Martin Smith, head of the policy lab at the Wellcome Trust echoes these concerns. “I am worried that the current spending plans could be ripped out by the new PM and the cycle will start again and again, so it all depends on the level of political priority that’s going to be given to the science and technology agenda,” he says.

“I’ll have more confidence if the new prime minister matches the rhetoric that Boris Johnson was using but they don’t, the science community will have to go back into the mode of trying to fight against cuts as opposed to pushing for bigger increases, which is the complete antithesis of a science superpower agenda.”

Repairing collaboration networks

So far, the debate on science and technology among the Tory leadership candidates has been limited to the need for an aggressive stance on Chinese tech companies. Foreign secretary Liz Truss is currently the front-runner, and some are worried science and technology issues may take a backseat to other priorities if she wins the race.

“Rishi Sunak has obviously presented himself as a candidate in touch with tech and Silicon Valley,” says Wilsdon. “But there’s quite a legitimate concern that if Liz Truss becomes the next prime minister, she and those around her won’t necessarily have the same degree of interest in science and technology.”

An increase in R&D investment must be accompanied by a renewed focus on building international research partnerships, experts warn, calling for a greater emphasis on repairing the country’s research partnerships with its neighbours. The Lords report argues that cuts to the Official Development Assistance programme which nurtures scientific research in developing countries and the ongoing impasse with Horizon Europe have “severely undermined the aspiration to be a science and tech superpower”.

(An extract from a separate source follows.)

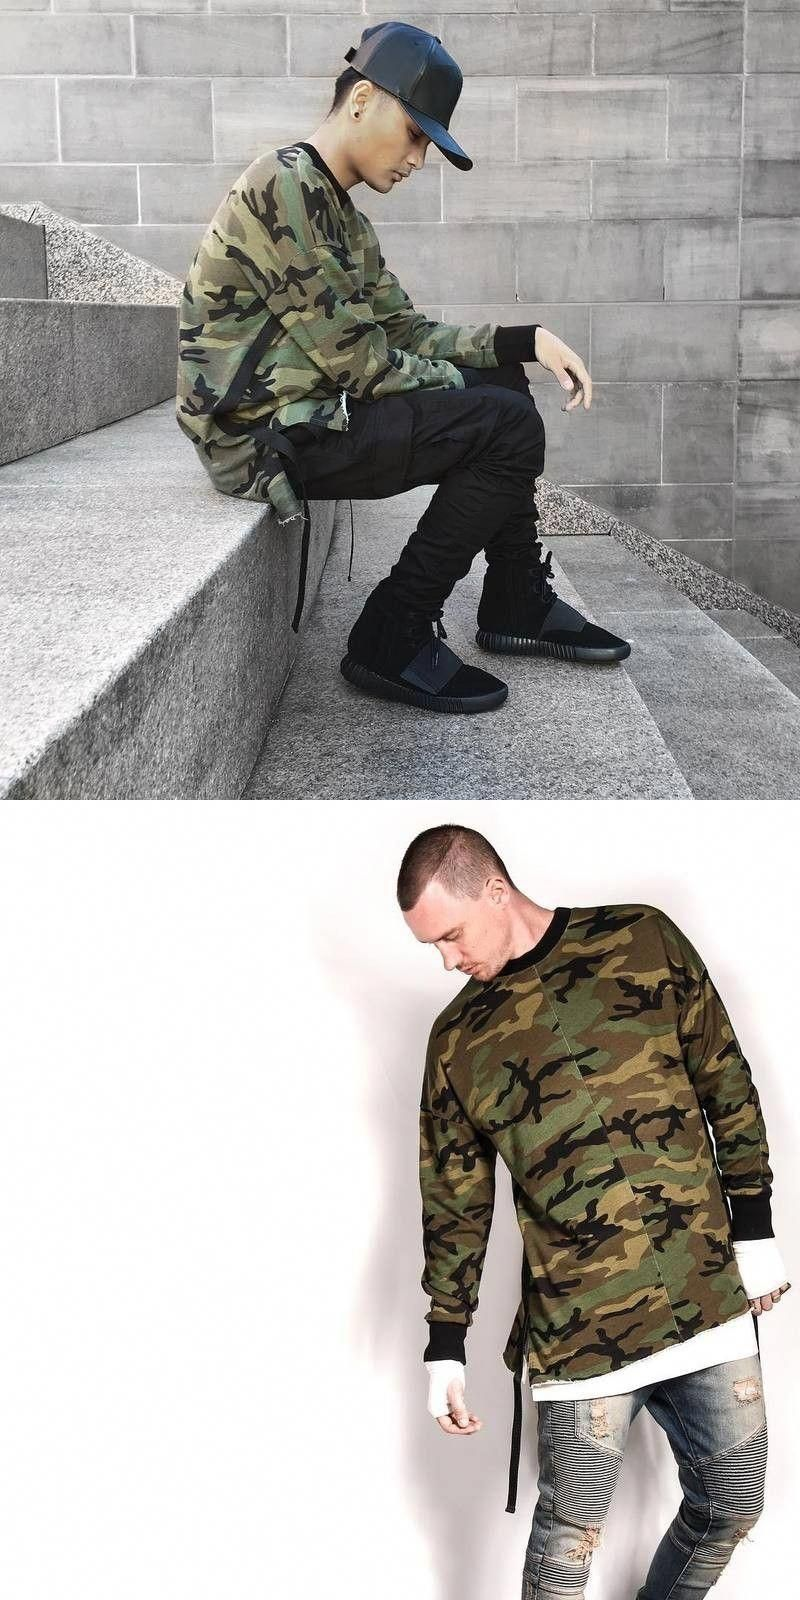 698ec522fbaa7 2017 hip hop justin bieber clothes street wear kpop urban clothing men long  sleeve longline t

“Our superpower status comes from the nature of our research networks,” says Wilsdon. “The only way you can be a strong scientific nation in the 21st century is through collaboration and networks.”

Smith agrees. “Science isn’t done anymore by one person having a light bulb moment and producing a single author paper,” he says. “There are fields of research where you have papers with 100 authors on them because they’re all working together in a distributed way around the globe, so any retreat into isolation is going to leave us out of the loop on the biggest scientific challenges ahead.”